* **Data for processing**:
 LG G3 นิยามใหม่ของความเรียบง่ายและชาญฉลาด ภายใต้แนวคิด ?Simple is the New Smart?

--

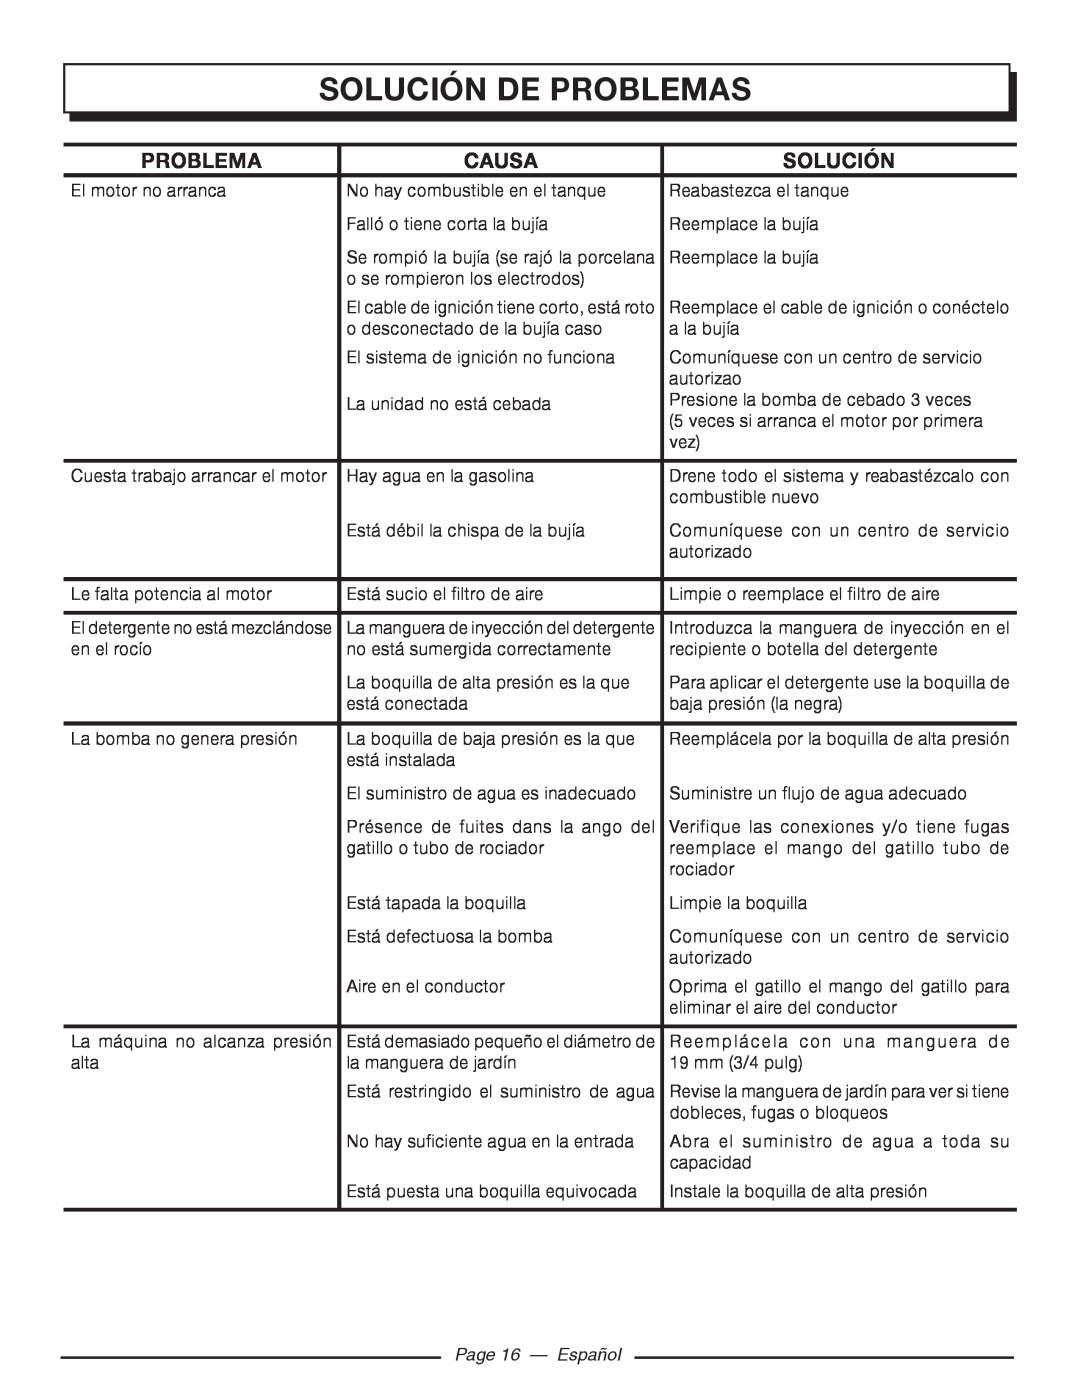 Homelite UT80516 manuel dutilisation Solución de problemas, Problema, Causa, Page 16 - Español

* * *

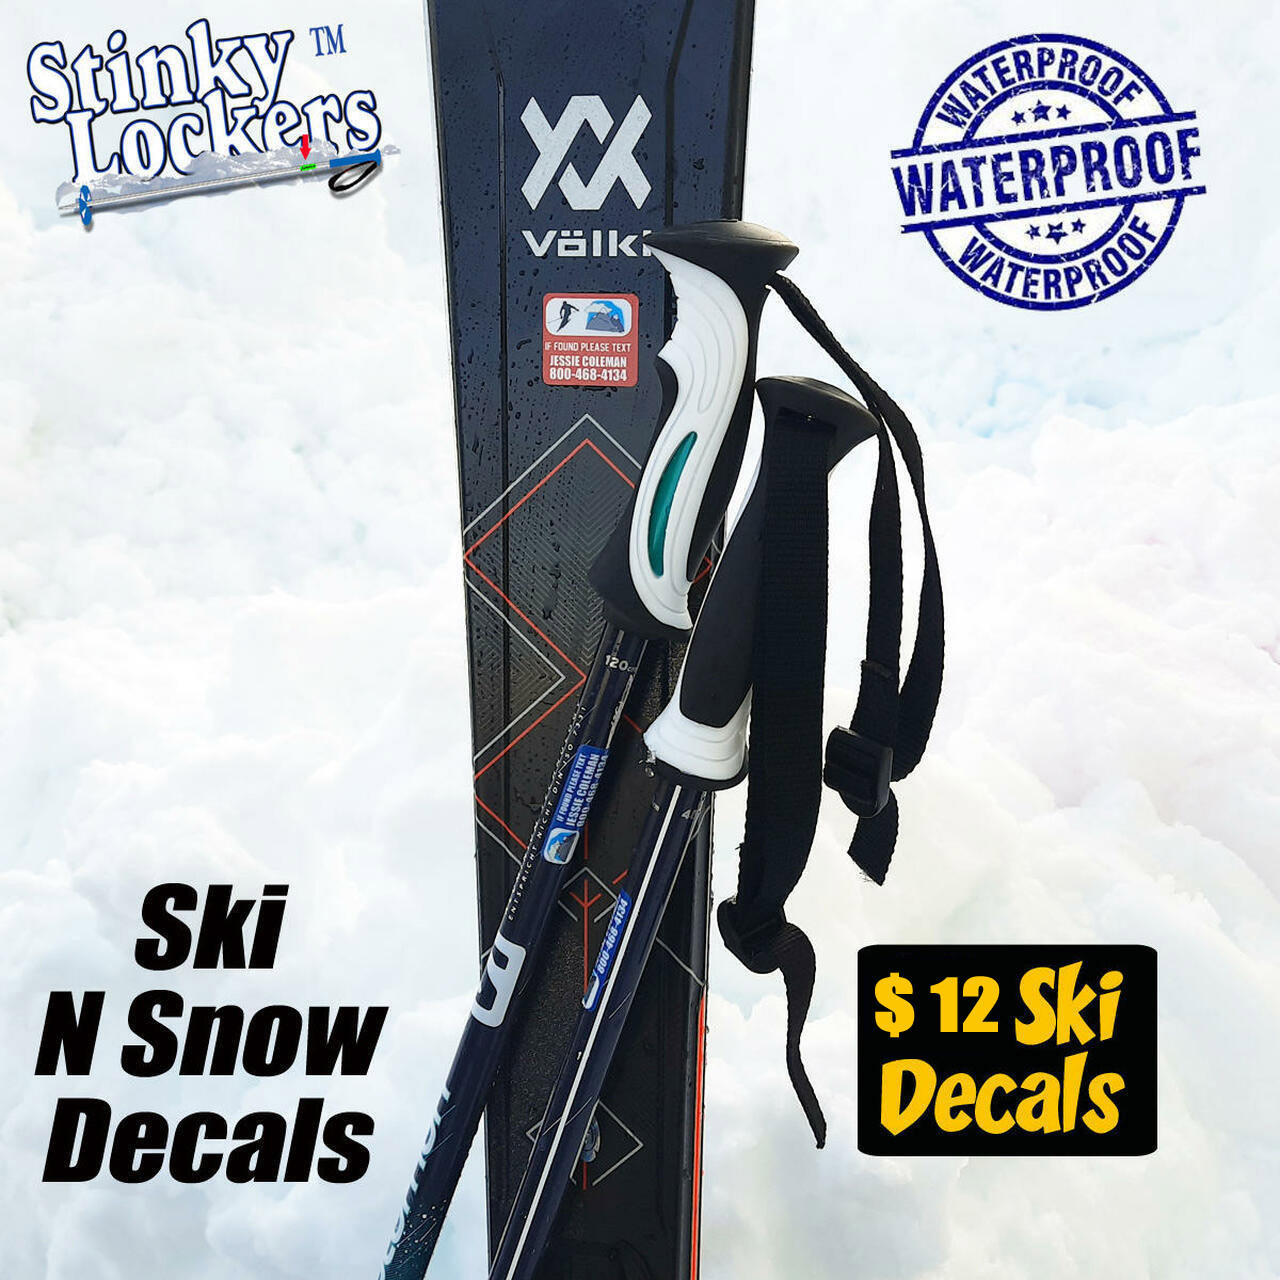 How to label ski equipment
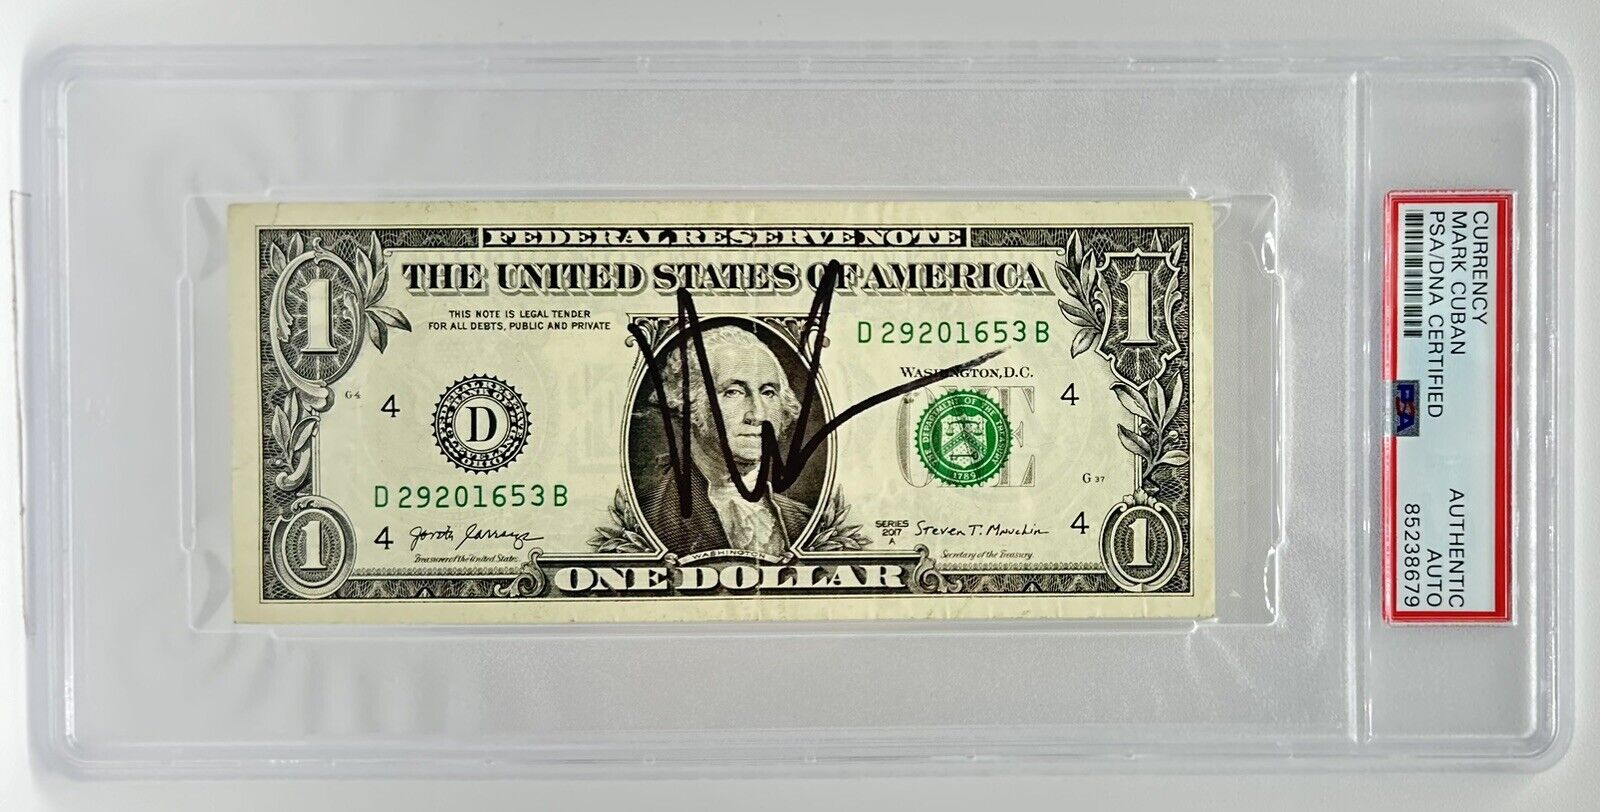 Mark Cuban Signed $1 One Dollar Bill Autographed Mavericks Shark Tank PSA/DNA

* **Task instructions**: Go to the line above that has "How to label ski equipment" and copy exactly from there down to the line that has "Mark Cuban Signed", both included. Leave the pictures out.

* **Solution for this problem**:
 How to label ski equipment
 Mark Cuban Signed $1 One Dollar Bill Autographed Mavericks Shark Tank PSA/DNA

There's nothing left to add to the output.